Calculate the electric power which must be supplied to the filament of of a light bulb operating at 3000K. The total surface area of the filament is

8×10−6m2
and its emissivity is 0.92.

R=kσT⁴ = 0.92•5.67•10⁻⁸•3000⁴=… W/m²

R=P/A =>
P=AR= A•kσT⁴ =
=8•10⁻⁶•0.92•5.67•10⁻⁸•3000⁴= 33.8 W

To calculate the electric power supplied to the filament of a light bulb, you can use the Stefan-Boltzmann law and the equation for electric power.
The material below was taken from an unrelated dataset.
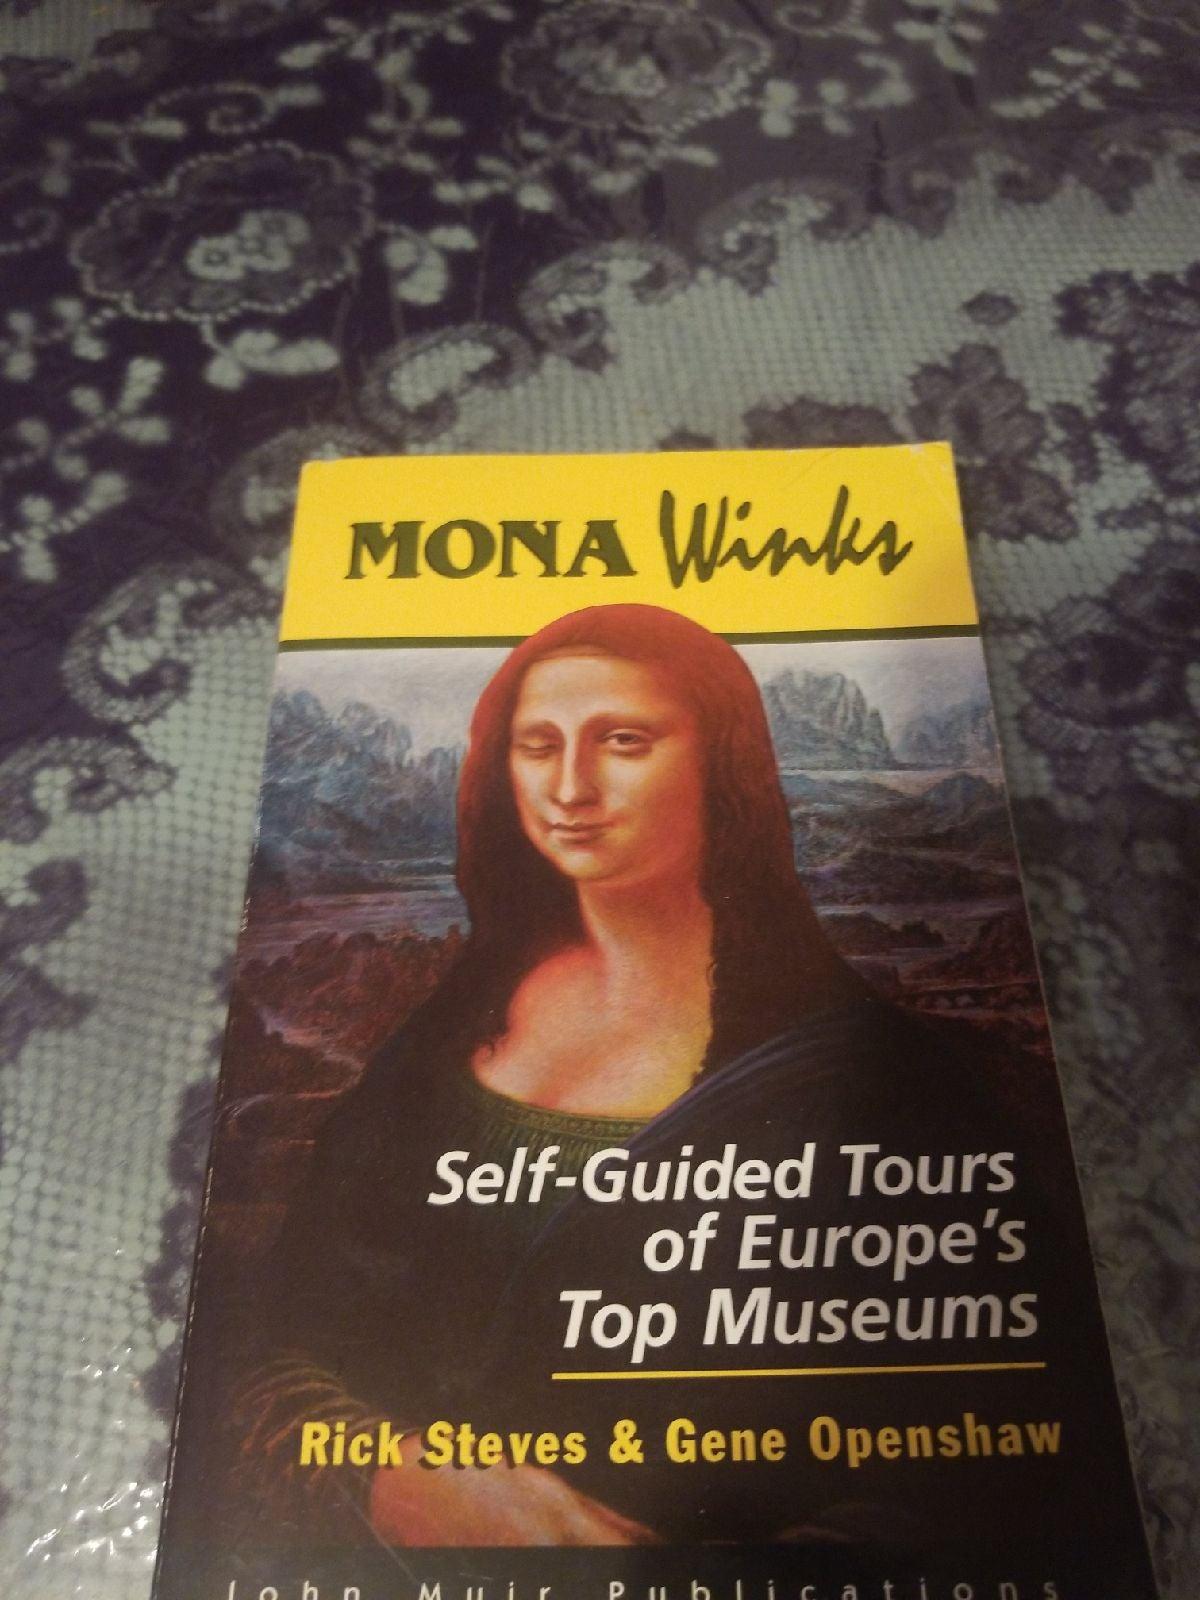 Mona Winks

The Stefan-Boltzmann law states that the total radiated power from a black body (or an idealized filament) is proportional to the fourth power of its absolute temperature:

P = σ * A * ε * T^4

Where:
P = Power radiated (in watts)
σ = Stefan-Boltzmann constant (5.67 × 10^-8 W/m^2K^4)
A = Surface area of the filament (in square meters)
ε = Emissivity of the filament
T = Absolute temperature of the filament (in Kelvin)

Let's plug in the given values:
σ = 5.67 × 10^-8 W/m^2K^4
A = 8 × 10^-6 m^2
ε = 0.92
T = 3000K

P = (5.67 × 10^-8) * (8 × 10^-6) * 0.92 * (3000)^4

Now let's calculate the power:

P = 1.14 * 10^-3 W

Therefore, the electric power that must be supplied to the filament of the light bulb is approximately 1.14 milliwatts (1.14 mW).

To calculate the electric power required to supply the filament of a light bulb, we need to use the Stefan-Boltzmann Law, which relates the power radiated by a black body to its temperature and emissivity.

The Stefan-Boltzmann Law states that the power radiated by a black body is proportional to the fourth power of its temperature and its emissivity. Mathematically, it can be written as:

P = εσAT⁴

Where:
P is the power radiated (in watts)
ε is the emissivity of the filament
σ is the Stefan-Boltzmann constant (5.67 x 10^-8 W/(m^2K^4))
A is the total surface area of the filament (in square meters)
T is the temperature of the filament (in kelvin)

In this case, we are given:
ε = 0.92
A = 8 x 10^-6 m^2
T = 3000 K

Let's substitute these values into the equation and calculate the power radiated:

P = (0.92)(5.67 x 10^-8 W/(m^2K^4))(8 x 10^-6 m^2)(3000 K)^4

P = (0.92)(5.67 x 10^-8 W/m^2K^4)(8 x 10^-6 m^2)(81 x 10^16 K^4)

P = (0.92)(4.5928 x 10^10 W)(8 x 81 x 10^10)

P ≈ 0.35 x 10^11 W

Therefore, the electric power that must be supplied to the filament of the light bulb operating at 3000 K is approximately 0.35 x 10^11 W.